The following circuit schematic presents a two-pole Sallen-Key low pass filter.
Determine the value of resistor R1 to achieve the Butterworth frequency response.
Calculate the cut-off frequency of the filter.
RA = 10 kΩ
Rb = 10 kΩ
Ca = 100nF
Cb = 100nF
R2 = 10 kΩ
VCC = 12V
VEE = -12V
To achieve the Butterworth frequency response, we need to use the formula:
R1 = R2 / (√(2) - 1)
R1 = 10 kΩ / (√(2) - 1) ≈ 2.61 kΩ
To calculate the cut-off frequency, we use the formula:
fC = 1 / (2π√(R1R2C1C2))
fC = 1 / (2π√(2.61 kΩ × 10 kΩ × 100 nF × 100 nF))
fC ≈ 159.2 Hz
Therefore, the cut-off frequency of the filter is approximately 159.2 Hz.
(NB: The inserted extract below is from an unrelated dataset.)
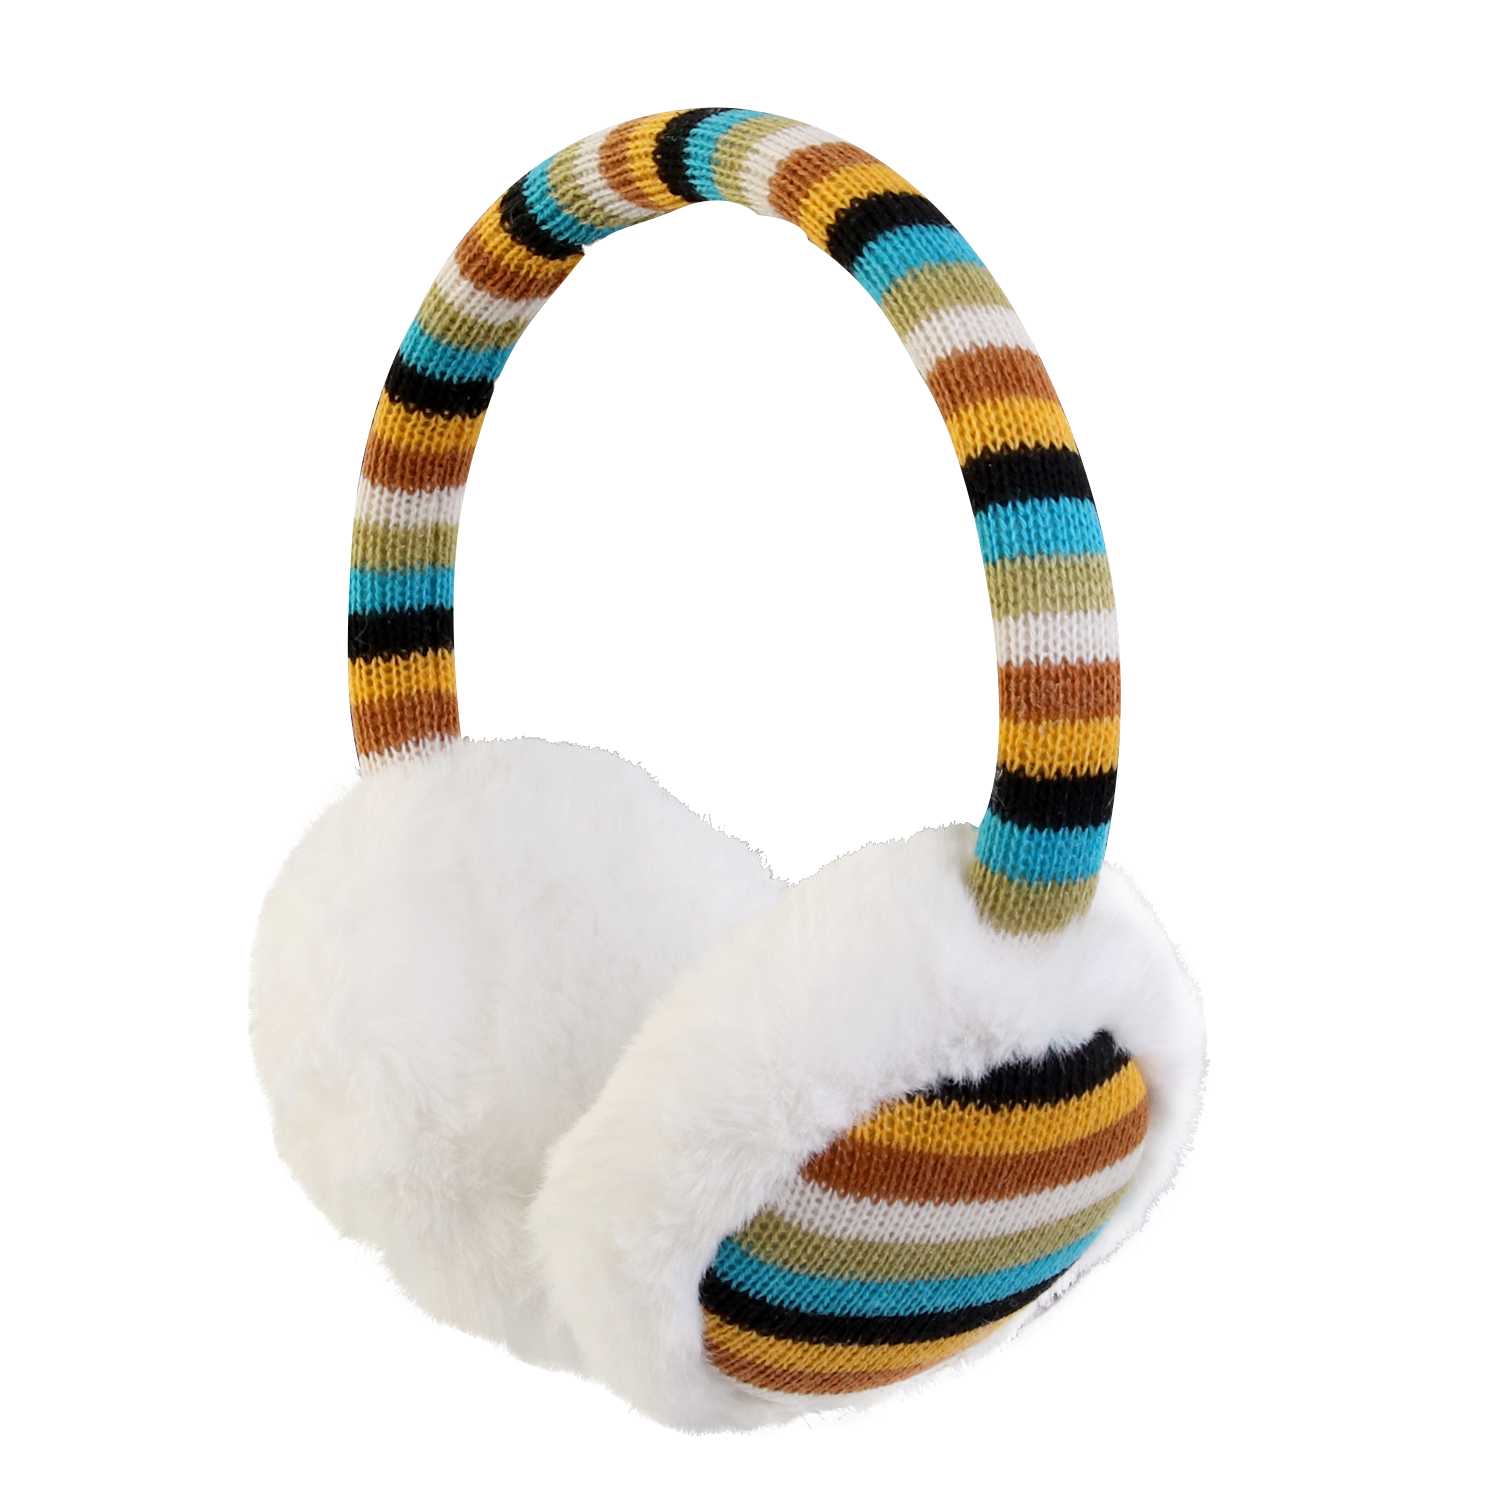 TechXtras Wired Headphone - Stripes

To determine the value of resistor R1 to achieve the Butterworth frequency response, we need to use the Butterworth filter design equations.
The Butterworth filter is a type of low pass filter with a maximally flat frequency response in the passband. The cutoff frequency, also known as the 3dB frequency, is the frequency where the output voltage is reduced to 70.7% (1/sqrt(2)) of the input voltage.
The Butterworth filter design equations for the Sallen-Key topology are as follows:
Fc = 1 / (2 * pi * R * C)
Where Fc is the cutoff frequency, R is the resistance, and C is the capacitance.
In this circuit, we have Ca, Cb, and R2 already provided. We need to find R1 and calculate the cutoff frequency.
Let's first calculate the cutoff frequency:
Fc = 1 / (2 * pi * R2 * Cb) = 1 / (2 * pi * 10kΩ * 100nF) = 1 / (2 * pi * 10^4Ω * 10^(-7)F) = 1 / 6.283 * 10^(-3) = 15.92Hz
Now, let's determine the value of resistor R1:
To achieve the Butterworth frequency response, we need to make the transfer function of the filter have a Q of 0.7071, which is obtained by setting R1 to be equal to R2.
So, R1 = R2 = 10 kΩ
Hence, the value of resistor R1 to achieve the Butterworth frequency response is 10 kΩ, and the cutoff frequency of the filter is approximately 15.92 Hz.